Bamford V A, Berks B C, Hemmings A M
Centre for Metalloprotein Spectroscopy and Biology, School of Biological Sciences, University of East Anglia, Norwich NR4 7TJ, UK.
Biochem Soc Trans. 2002 Aug;30(4):638-42. doi: 10.1042/bst0300638.

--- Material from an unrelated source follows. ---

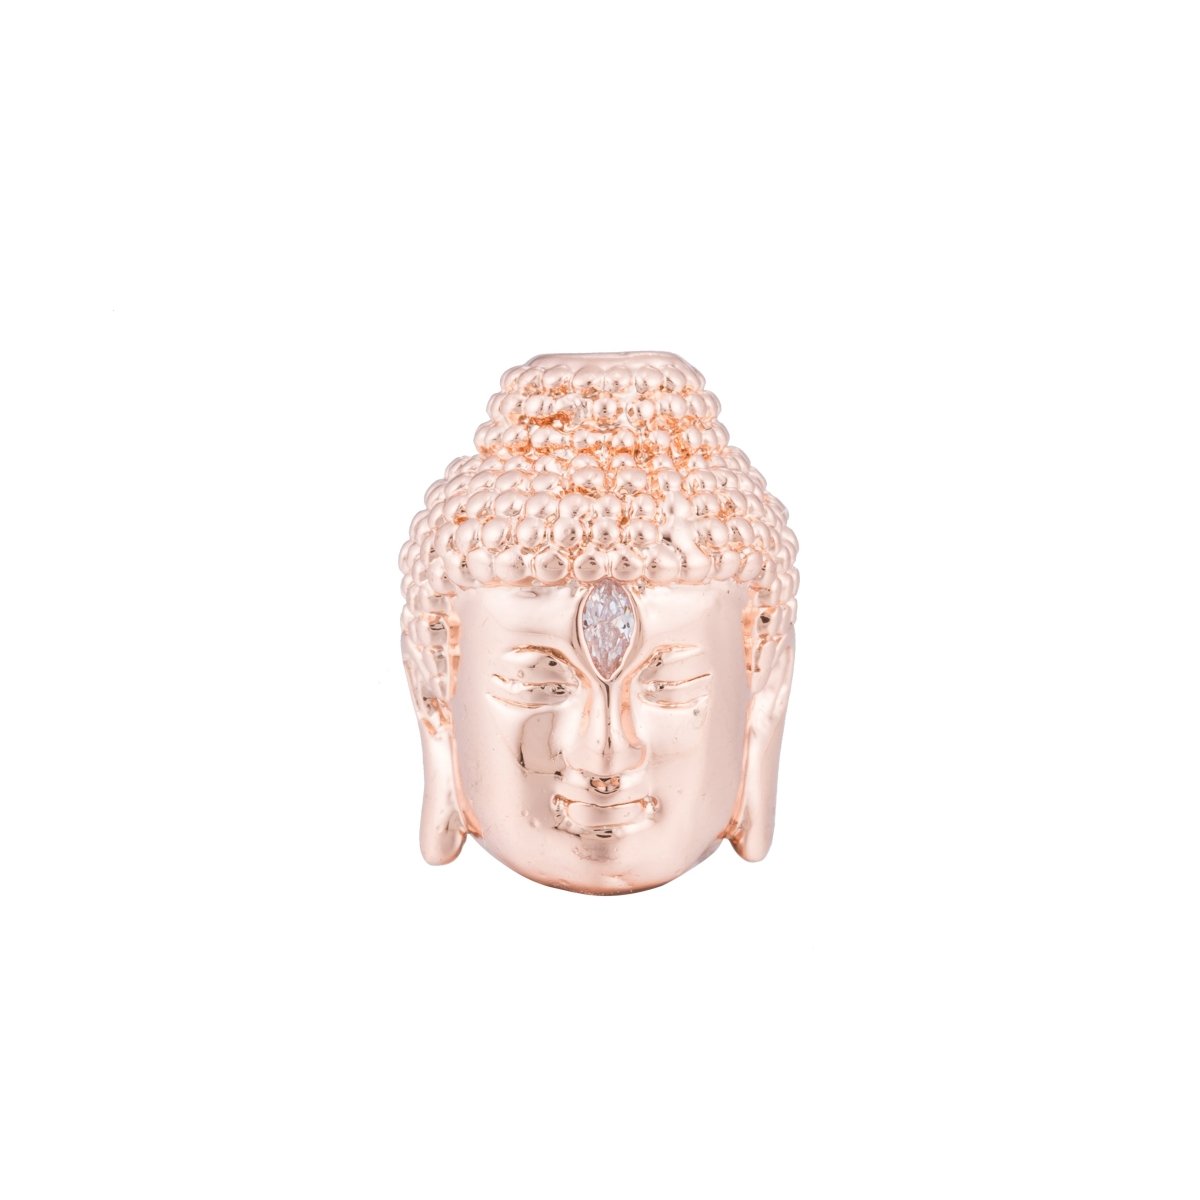 Gold / Silver / Rose Gold Meditation Buddha Head Spacer Beads | B-027 - DLUXCA

A key component of the oxidative biogeochemical sulphur cycle involves the utilization by bacteria of reduced inorganic sulphur compounds as electron donors to photosynthetic or respiratory electron transport chains. The SoxAX protein of the photosynthetic bacterium Rhodovulum sulfidophilum is a heterodimeric c-type cytochrome that is involved in the oxidation of thiosulphate and sulphide. The recently solved crystal structure of the SoxAX complex represents the first structurally characterized example of a productive electron transfer complex between haemoproteins where both partners adopt the c-type cytochrome fold. The packing of c-type cytochrome domains both within SoxA and at the interface between the subunits of the complex has been compared with other examples and found to be unique.
氧化生物地球化学硫循环的一个关键组成部分涉及细菌利用还原态无机硫化合物作为光合或呼吸电子传递链的电子供体。嗜硫红假单胞菌的SoxAX蛋白是一种异源二聚体c型细胞色素,参与硫代硫酸盐和硫化物的氧化。最近解析的SoxAX复合物晶体结构代表了血红素蛋白之间产生性电子转移复合物的首个结构表征实例,其中两个伙伴均采用c型细胞色素折叠。已将SoxA内以及复合物亚基之间界面处的c型细胞色素结构域的堆积与其他实例进行比较,发现其具有独特性。